We designed and implemented the workflow shown in Figure 3. Users submit jobs through the command line interface and submit job requests to the login nodes. Each request is sent to the daemon based on the server_priv configuration file and communicates with the compute nodes through the scheduler daemon and communication daemon based on the scheduling policy written in sched_priv and communication policy written in comm_priv on the PBS scheduler node. Based on the resource request transmitted through the communication daemon, the user’s job is executed by exec_job on the resource-allocated compute nodes through the MoM daemon based on the mom_priv configuration file. We added K-hook to MoM running on the compute nodes rather than Server and Scheduler on PBS Pro scheduler nodes. The reason was to reduce the load of the scheduler nodes, which handle thousands of compute nodes in a huge HPC environment. As our supercomputer scheduled over 8000 compute nodes, we added K-hook to MoM on compute nodes. When a job is submitted, it is checked with the functions defined through K-hook, and if it does not pass then the node is processed offline, and the Server is notified through Communication.
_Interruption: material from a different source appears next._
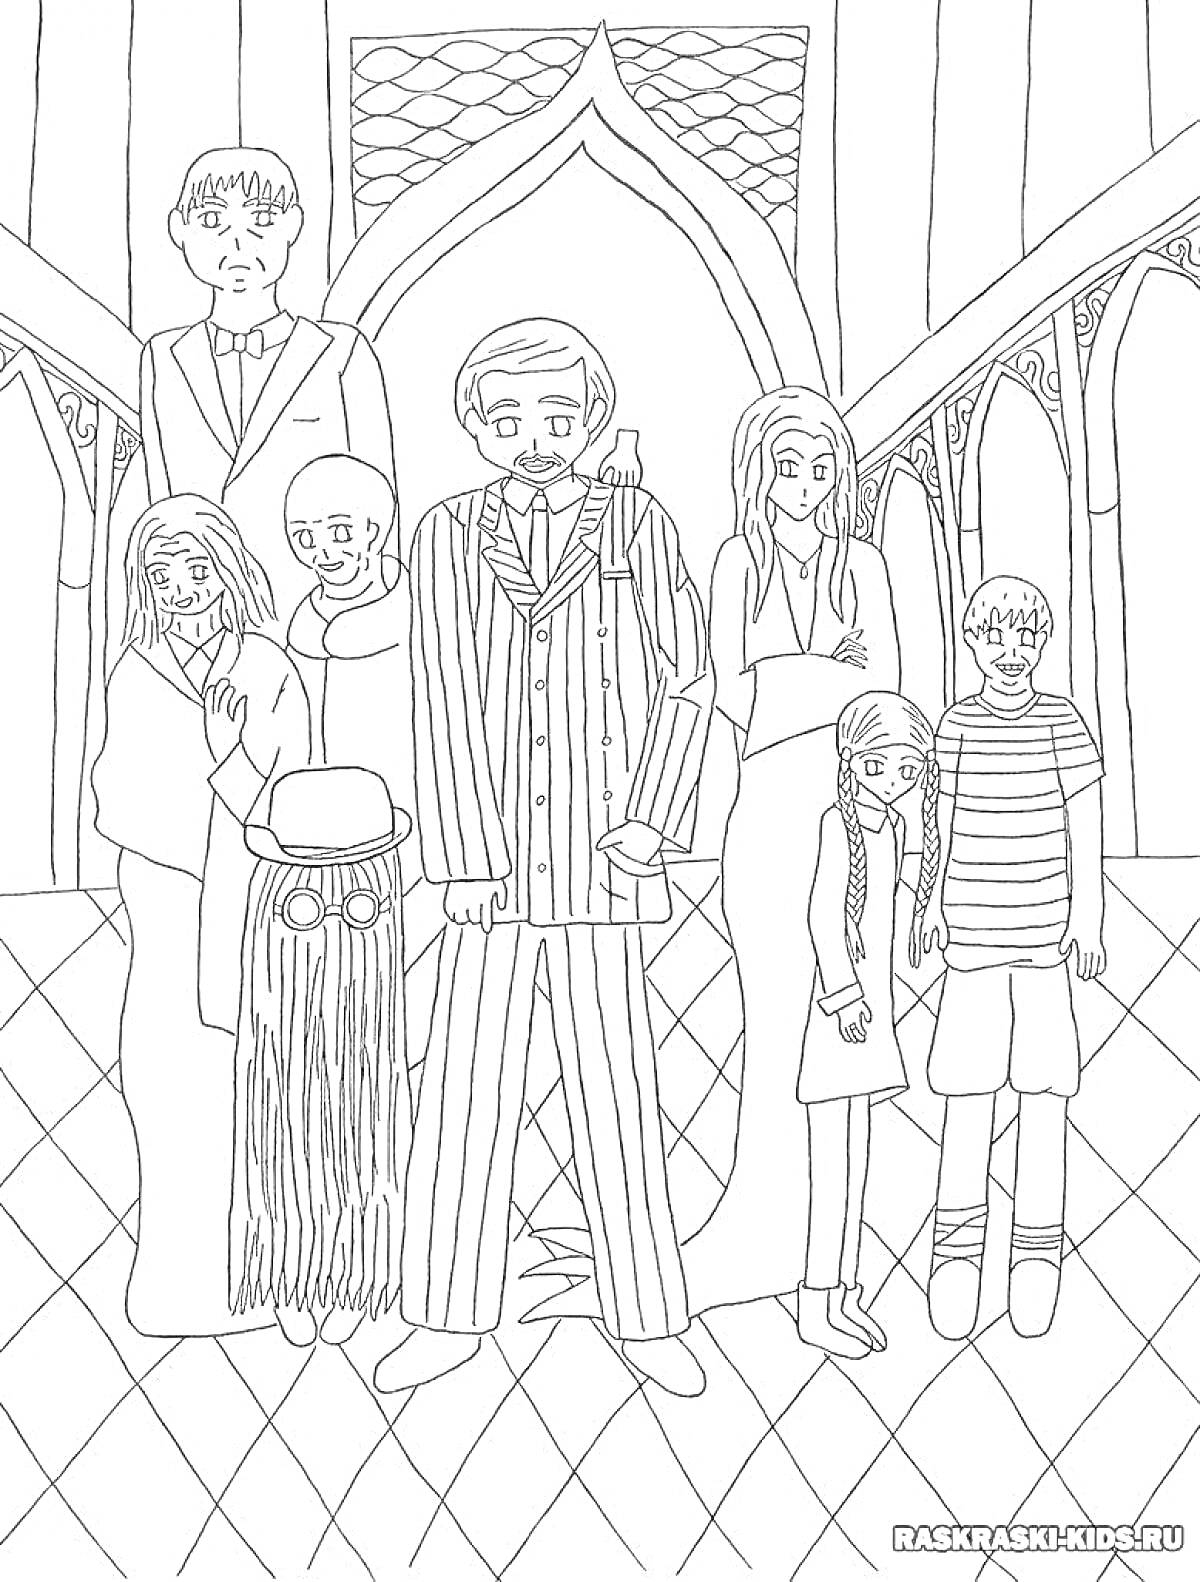 Раскраска Семья в особняке: группа людей, одетых в разные наряды, стоящих на фоне архитектурных элементов внутри здания

Server again attempts to allocate this job request to another node through Scheduler. This principle increases the success rate of job submission. The offline nodes are rebooted while attempting to recover through the self-recovery script we wrote.

In this process, adding K-hooks may increase the user’s waiting time. If a job fails, the user does not have to wait but must resubmit the job instead. We attempted to solve the problem of increased waiting time caused by adding a K-hook in various ways. One approach involved setting the maximum number of submitted jobs and executed jobs in the job submission policy. As our supercomputer sets different policies for each queue, we verified that waiting time does not increase with K-hooks by each queue.

K-hook uses Python plugins provided by PBSPro hook. The main functions of K-hook are implemented in a bash script, which is called through PBSPro hooks in Python. The bash script can be extensible to any other batch schedulers.

4.2. Flowchart with K-Hook

Scheduling flows in large-scale, high-performance computing systems are complex. In particular, resource and job scheduling for thousands of computing nodes in our supercomputing environment is even more complex. Figure 4 shows a flowchart of scheduling with K-hooks. This flowchart is based on the default settings of PBS Pro scheduling. When a job is submitted, this job will be in a queue with queue_job by Server. After Server queues the job, it is moved or modified depending on the configurations with modify_job and move_job. When a job is moved, it turns to run_job and is sent by Server to the MoM daemon in the compute nodes.

When the MoM receives a job, the user’s job execution starts from this moment with execjob_begin. We applied K-hook with a memory size check function to execjob_begin. Before executing execjob_prologue, we implemented and applied three functions to execjob_begin. First, we checked the communication with the LDAP server. Communication failure causes an error in which the submitted job does not operate normally because of ownership and r/w/x permission issues. This function solves the error message of “Operation not permitted” in Program Error of classification (Table 2). Second, when the job is executed on a multi-node, communication between nodes is checked. If communication between nodes does not work properly within a limited time, in the worst case, the job process will be killed. This function solves the error message of “No such device or address” in H/W error of classification (Table 2). Third, the memory space of computing nodes is checked. The computing node in Nurion is a diskless system, and all files stored on the local node are loaded in memory. Therefore, the local file (in the/tmp directory) created by the previous user’s job might run out of memory, which can cause memory errors notified as “Resource temporarily unavailable” or “Cannot allocate memory” in H/W error of classification (Table 2).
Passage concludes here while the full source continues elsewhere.